*Your goal*
Using the data that follows, output only the lines from the line with "fema declaration format" up to and including the line with "used vehicle - Passenger", exactly, leaving pictures aside.

(Material to process begins)

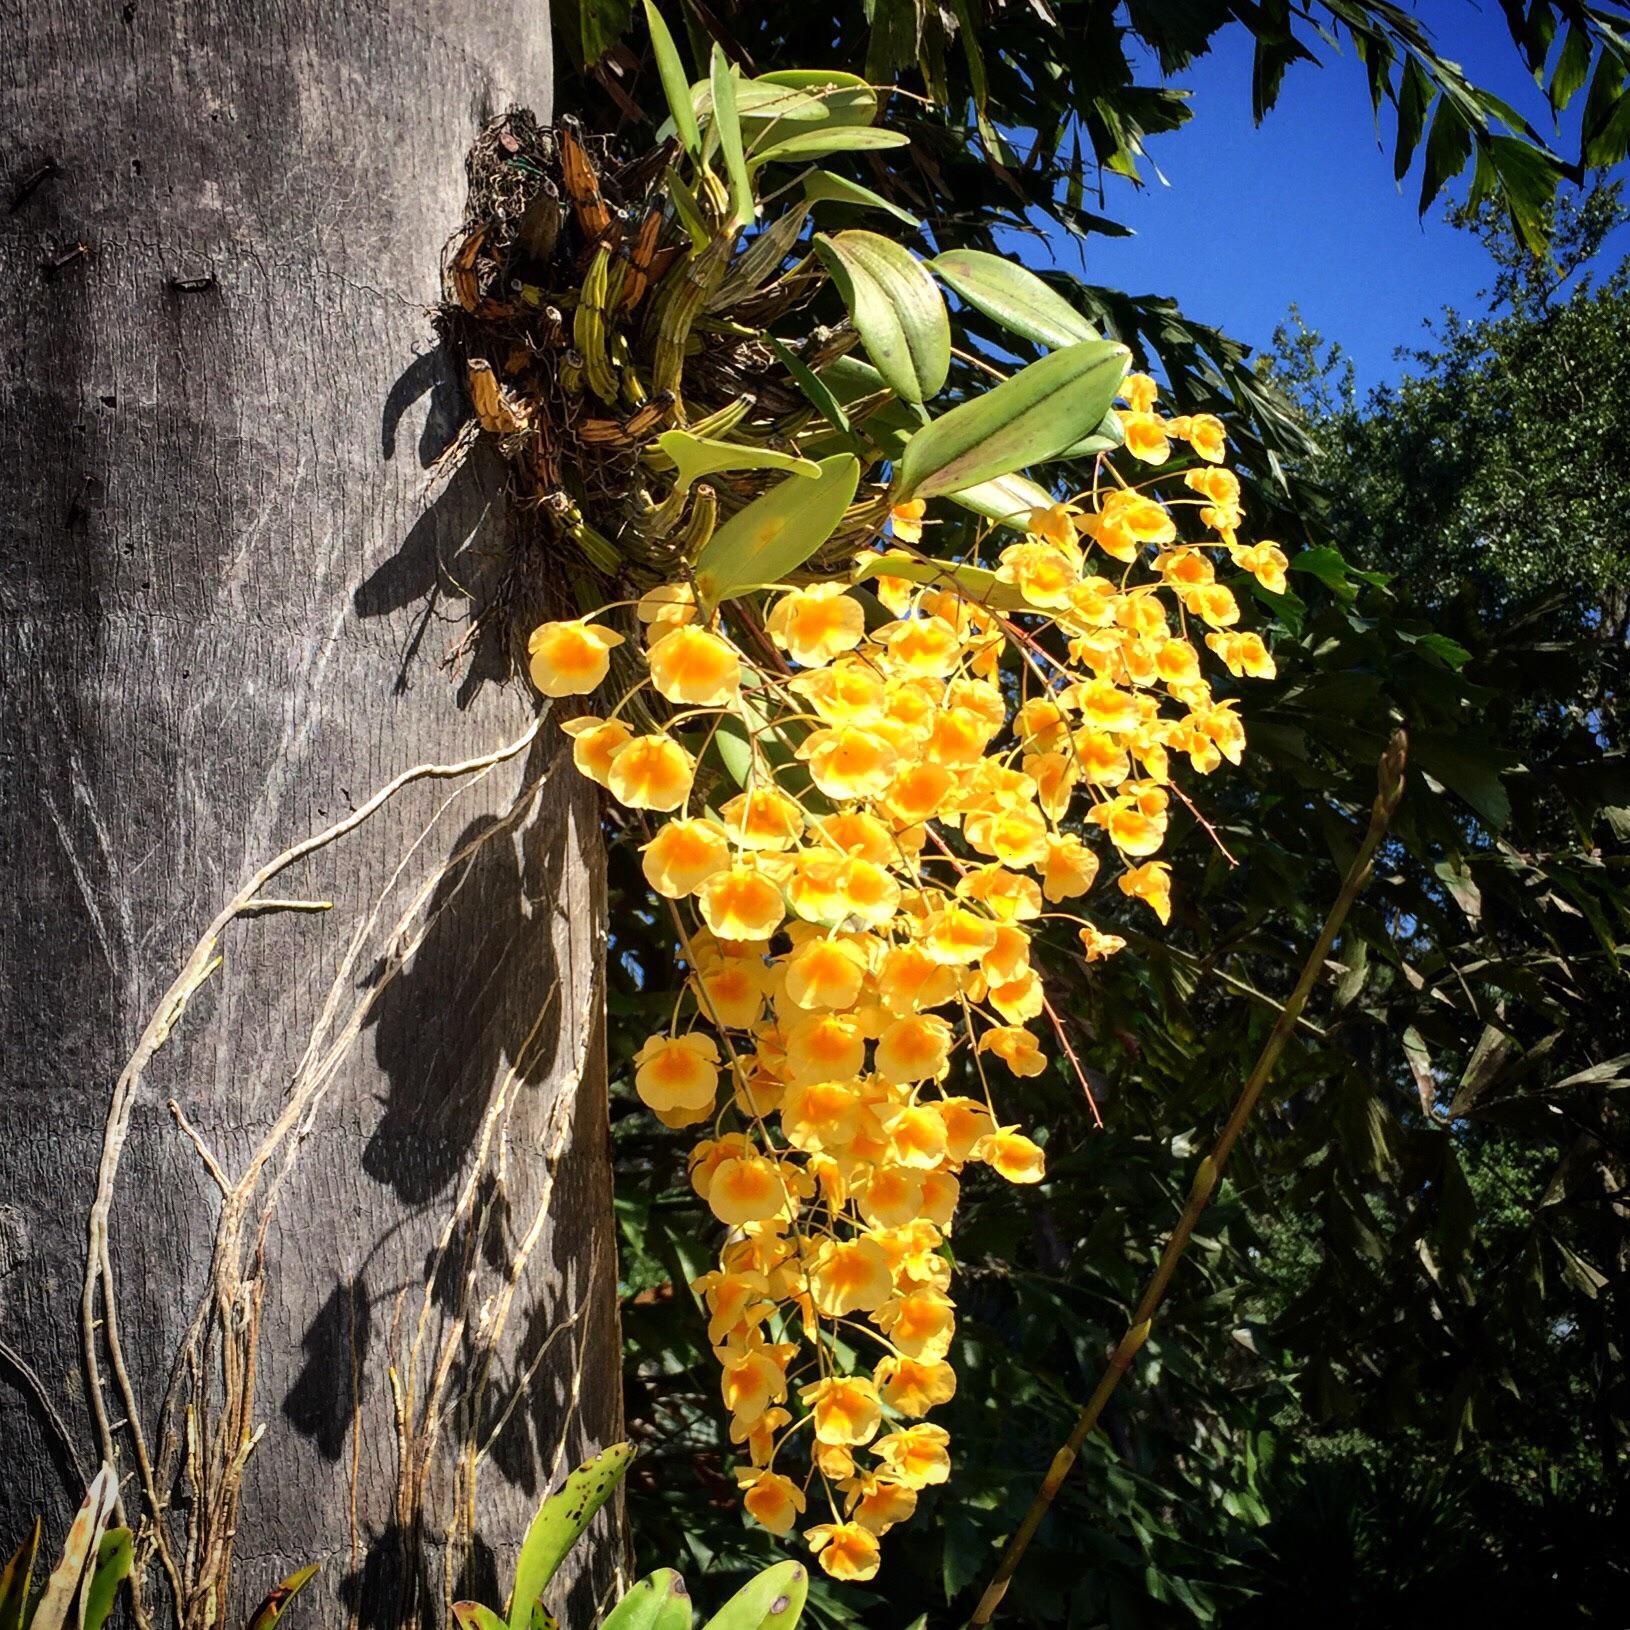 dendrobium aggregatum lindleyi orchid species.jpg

(Material to process ends)
(Material to process begins)

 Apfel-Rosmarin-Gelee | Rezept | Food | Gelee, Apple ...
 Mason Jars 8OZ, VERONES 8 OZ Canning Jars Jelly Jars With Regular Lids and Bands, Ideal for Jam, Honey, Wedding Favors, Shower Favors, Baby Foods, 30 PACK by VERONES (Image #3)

(Material to process ends)
(Material to process begins)

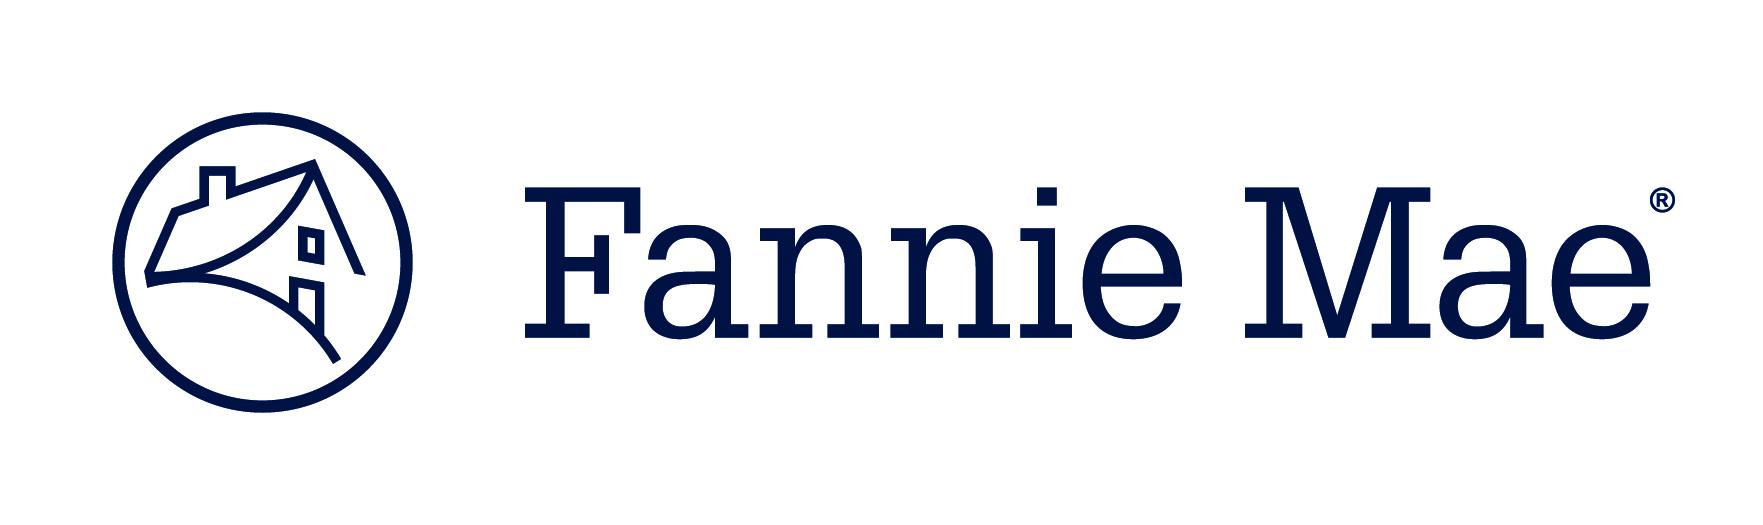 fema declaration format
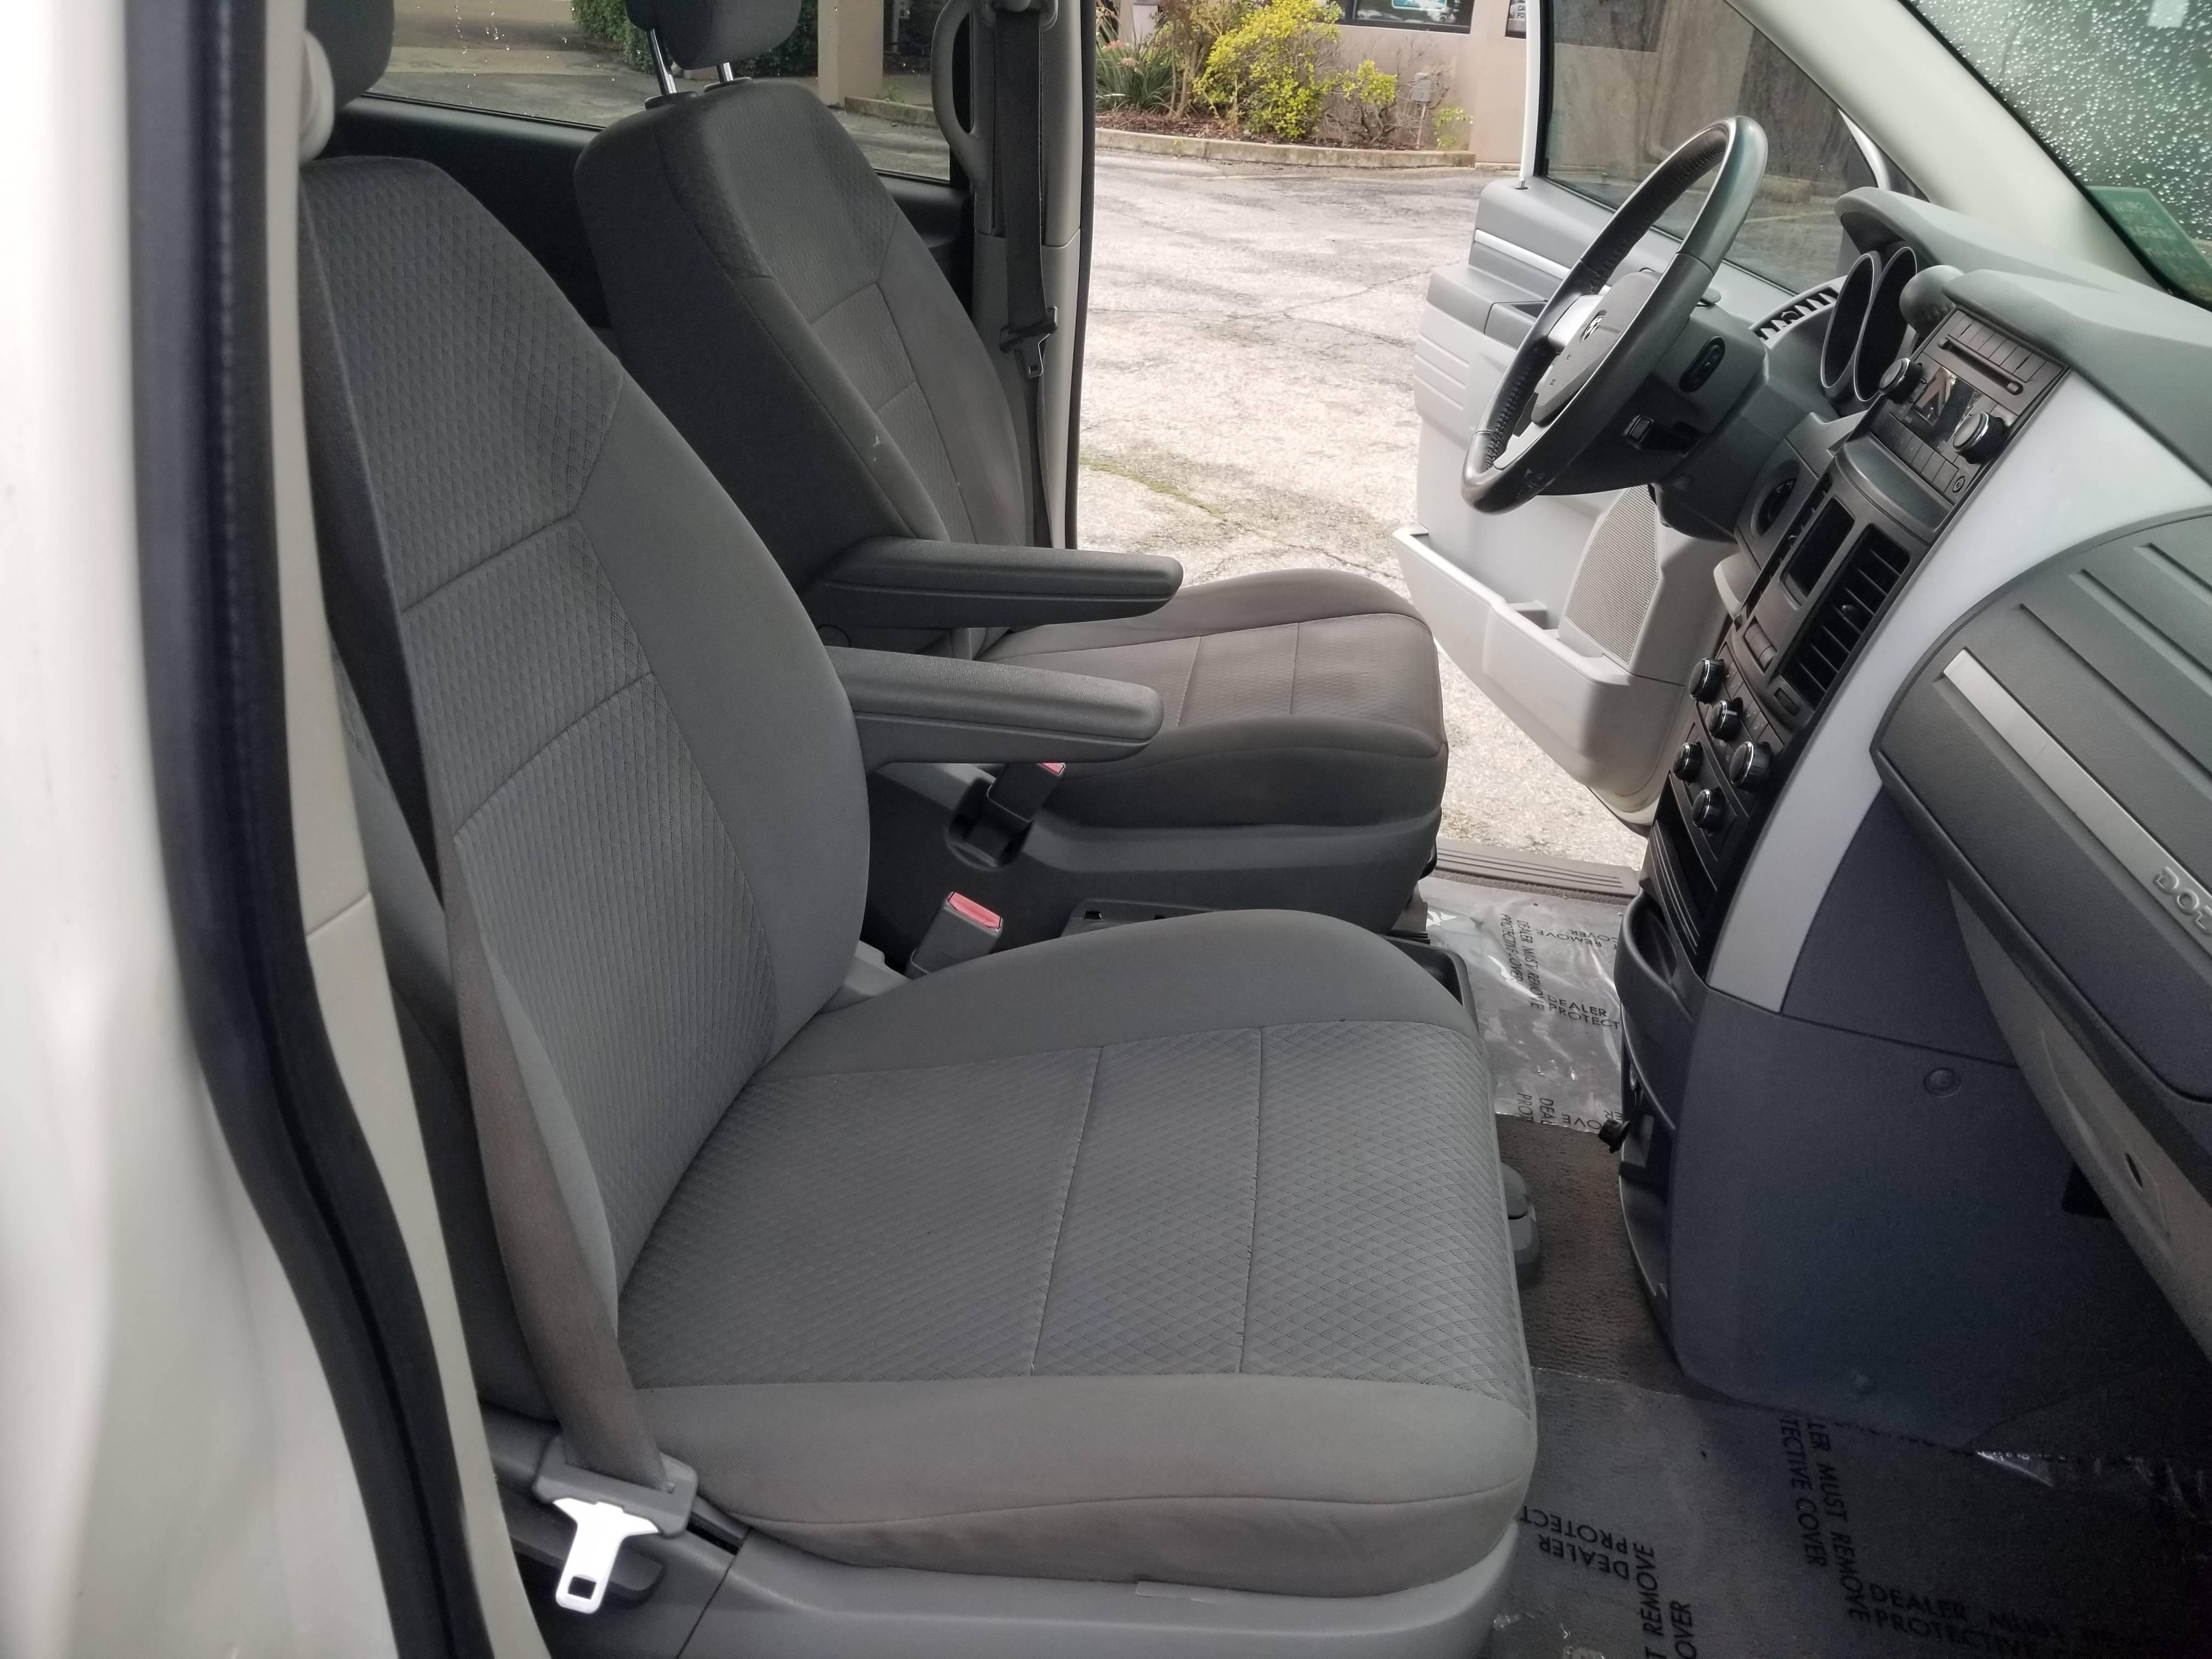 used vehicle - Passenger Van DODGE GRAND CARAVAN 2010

(Material to process ends)

*Answer*
 fema declaration format
 used vehicle - Passenger Van DODGE GRAND CARAVAN 2010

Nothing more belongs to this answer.